[PATCH] D45199: AArch64: Allow offsets to be folded into addresses with ELF.

Sun Apr 8 21:41:50 PDT 2018

pcc added inline comments.

================
Comment at: llvm/test/CodeGen/AArch64/arm64-atomic-128.ll:32-33

-; CHECK-DAG: stp    [[DEST_REGLO]], [[DEST_REGHI]]
+; CHECK-DAG: str    [[DEST_REGLO]], [{{.*}}, :lo12:var]
+; CHECK-DAG: str    [[DEST_REGHI]], [{{.*}}, :lo12:var+8]
   %val = atomicrmw nand i128* %p, i128 %bits release
----------------
t.p.northover wrote:
> It's a bit of a shame to lose this optimization. Did you look into enhancing AArch64LoadStoreOptimizer.cpp to account for the new instruction shapes?
I hacked on the load store optimizer to teach it to pair merge and zero store merge instructions with reg+globaladdr operands.
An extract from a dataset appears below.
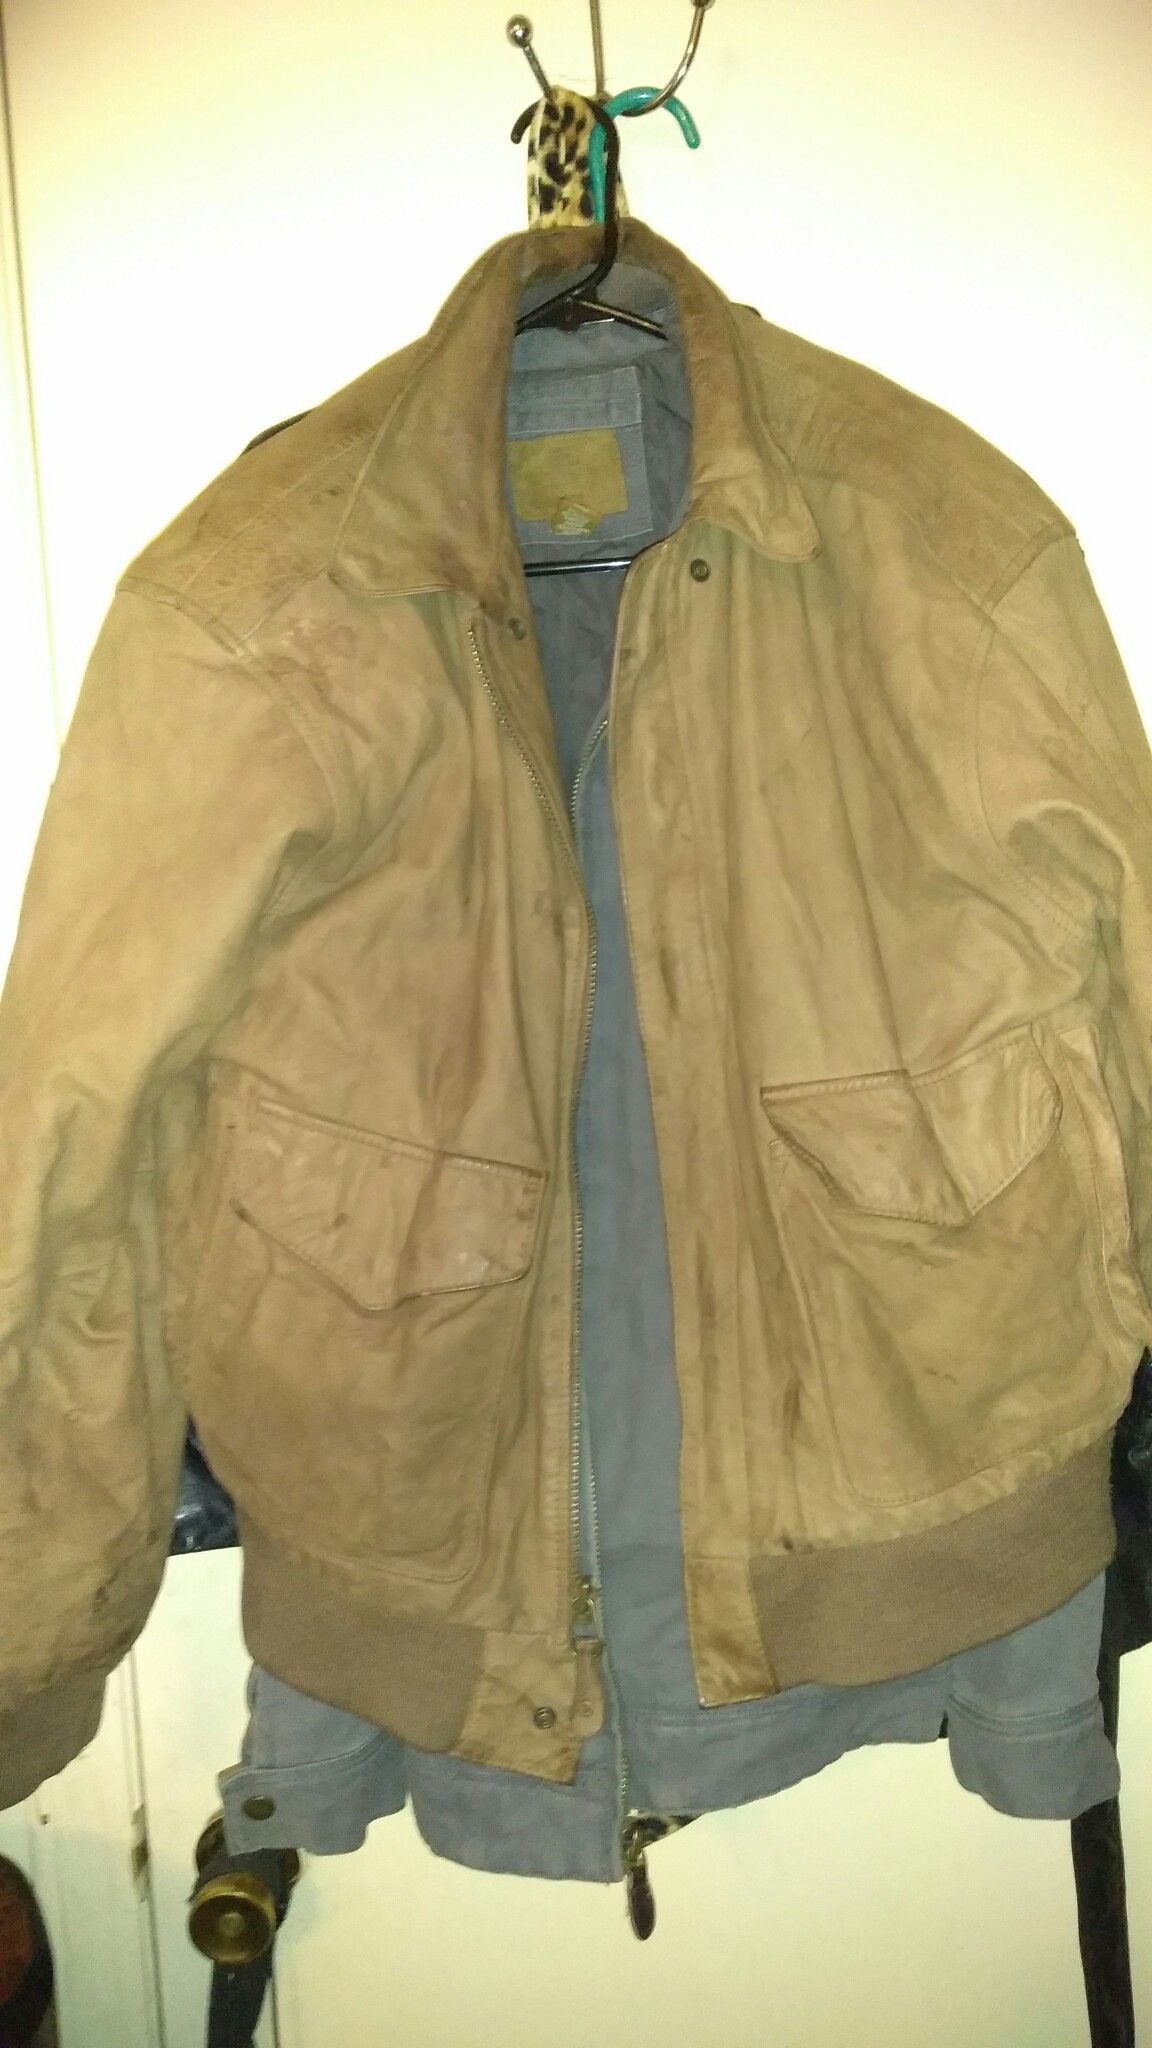 G lll, BROWN LEATHER BOMBER JACKET SIZE LARGE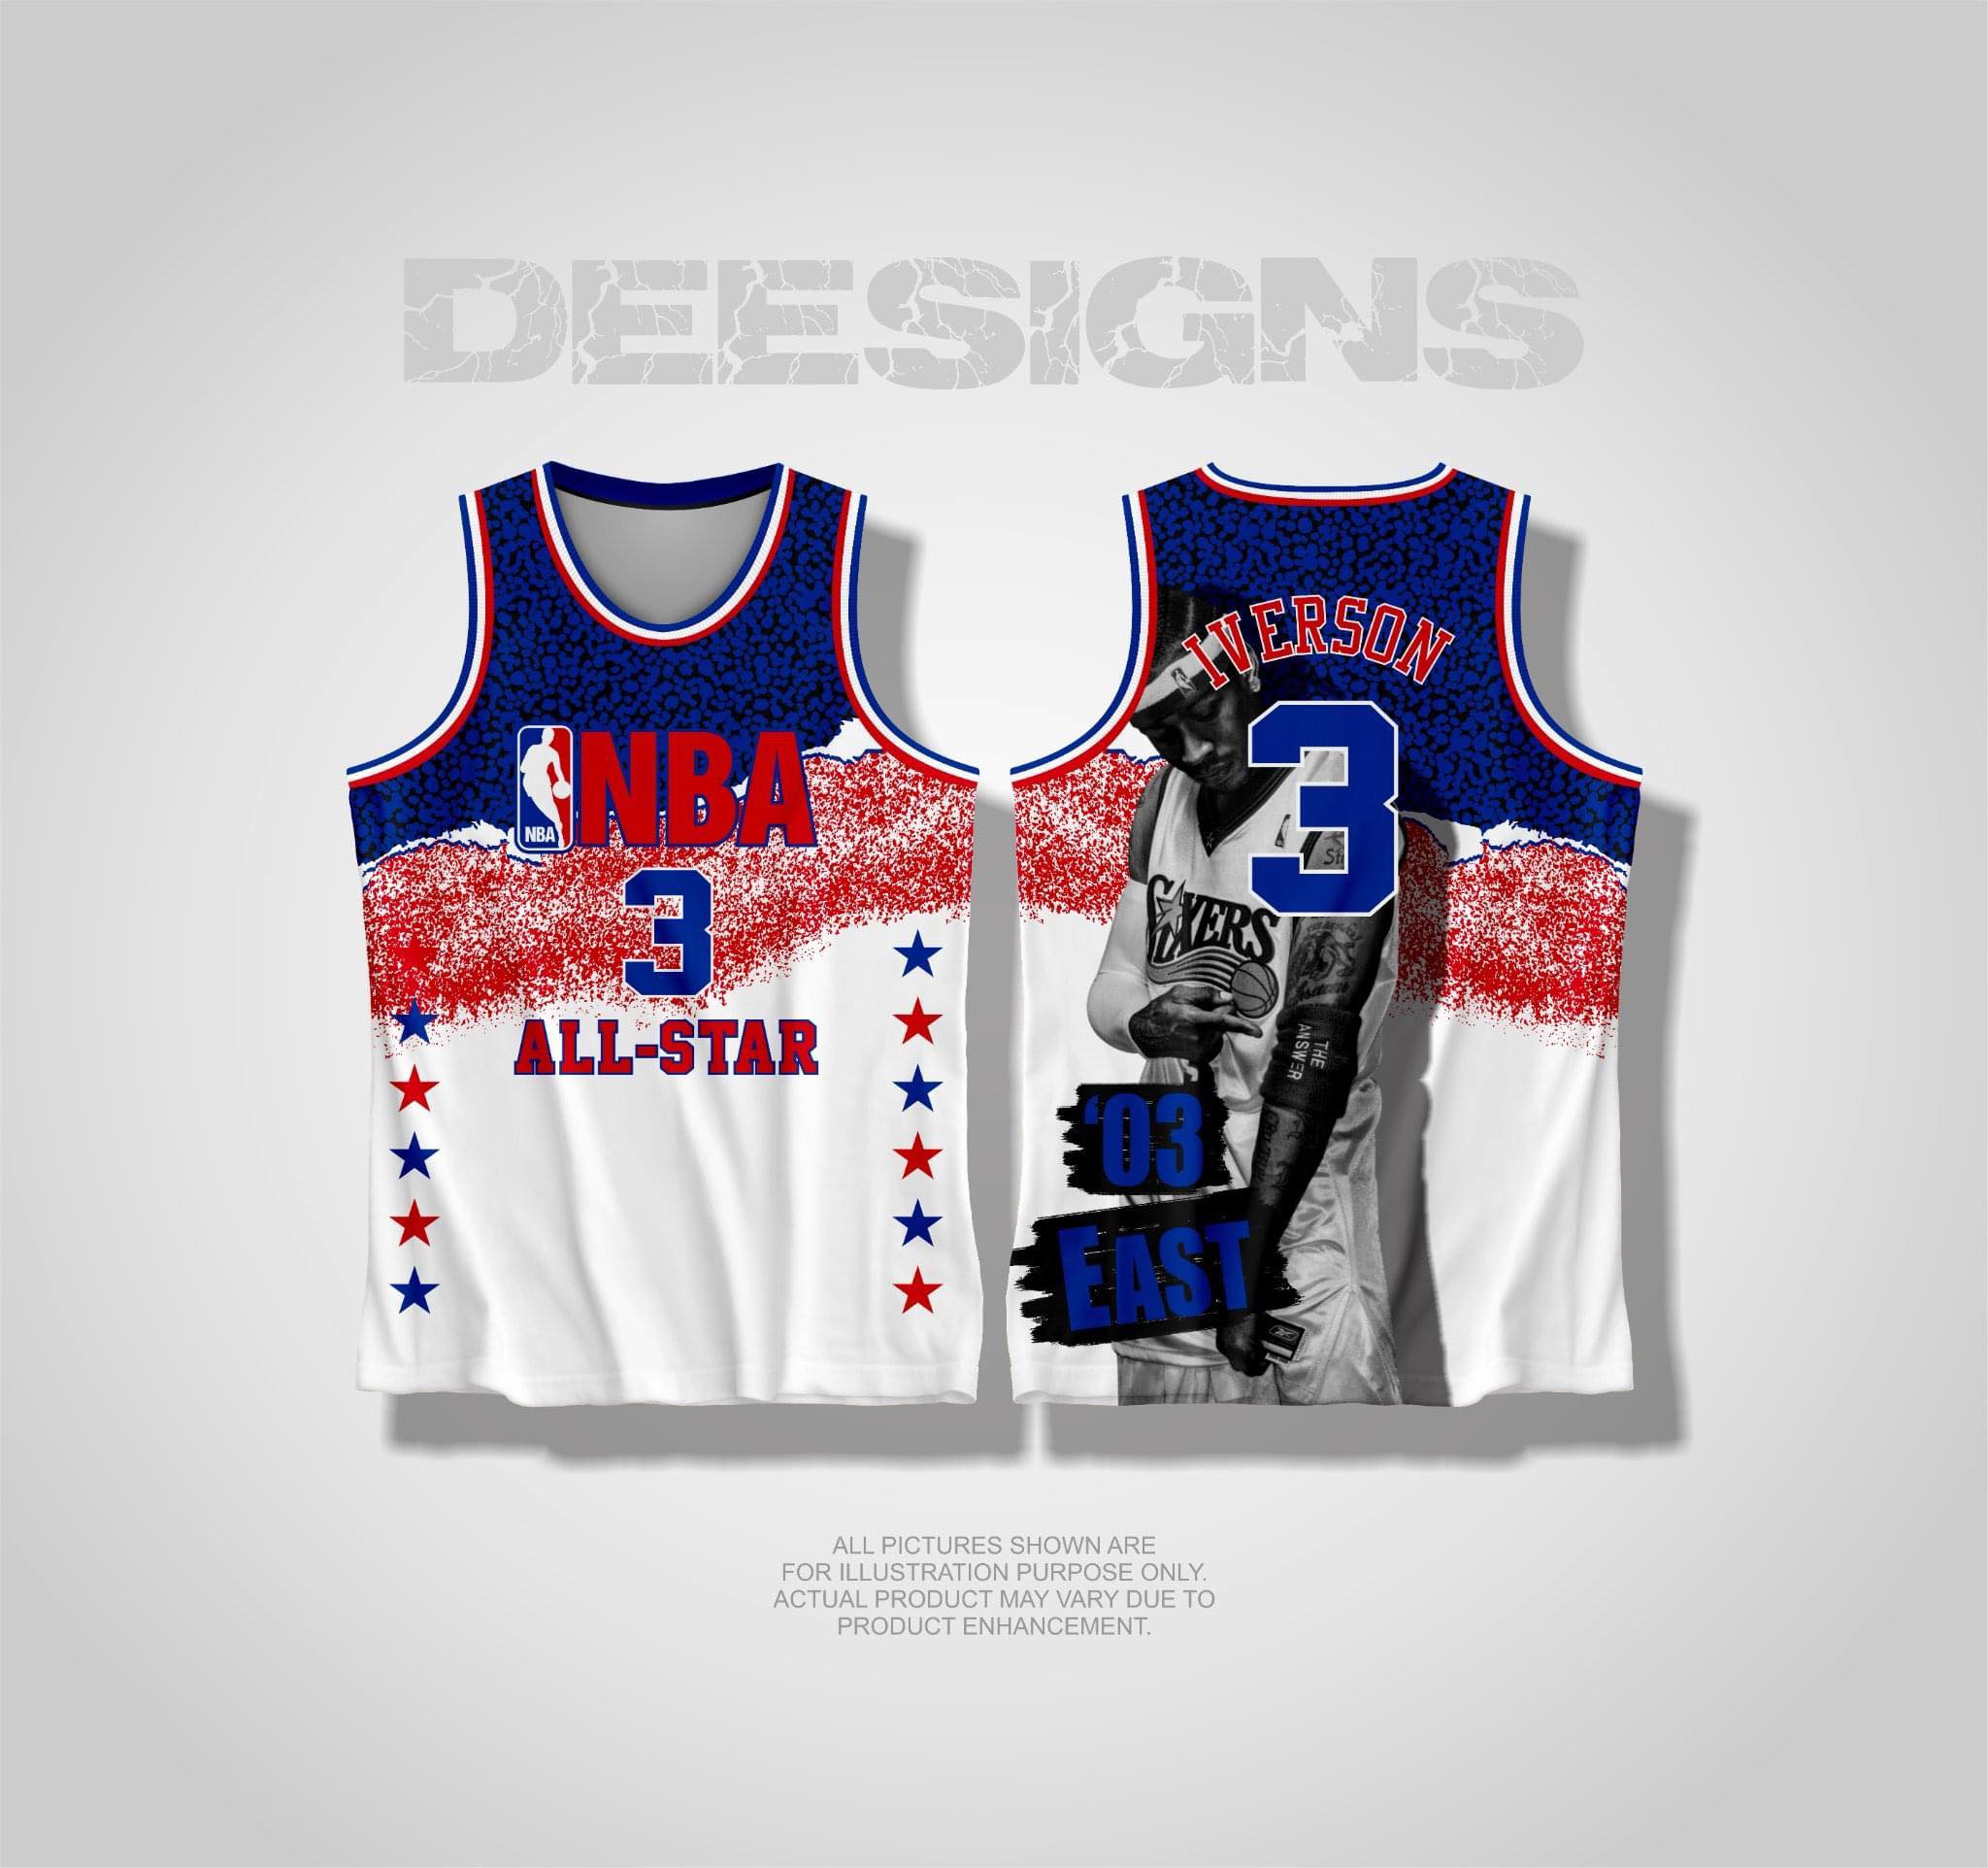 NEW ALLSTAR 06 ALLEN IVERSON BASKETBALL JERSEY FREE CUSTOMIZE OF NAME &  NUMBER ONLY full sublimation high quality fabrics/ trending jersey

It ended up making the pass significantly more complicated (+ ~100 lines), and only ended up reducing the size of .text in Chromium for Android by 1KB (i.e. it fired only about 250 times). So despite the impression that one might get from looking at the test cases, it seems like such an optimization wouldn't be pulling its weight in real world code.

I imagine that in the vast majority of cases, the potentially pair mergeable instructions do not use the address of a global but rather a parameter or a value loaded from memory, which will of course be in a register and therefore still pair mergeable.

I can share the patch if you'd like, but my initial conclusion is that it doesn't seem worth the added complexity to me.

https://reviews.llvm.org/D45199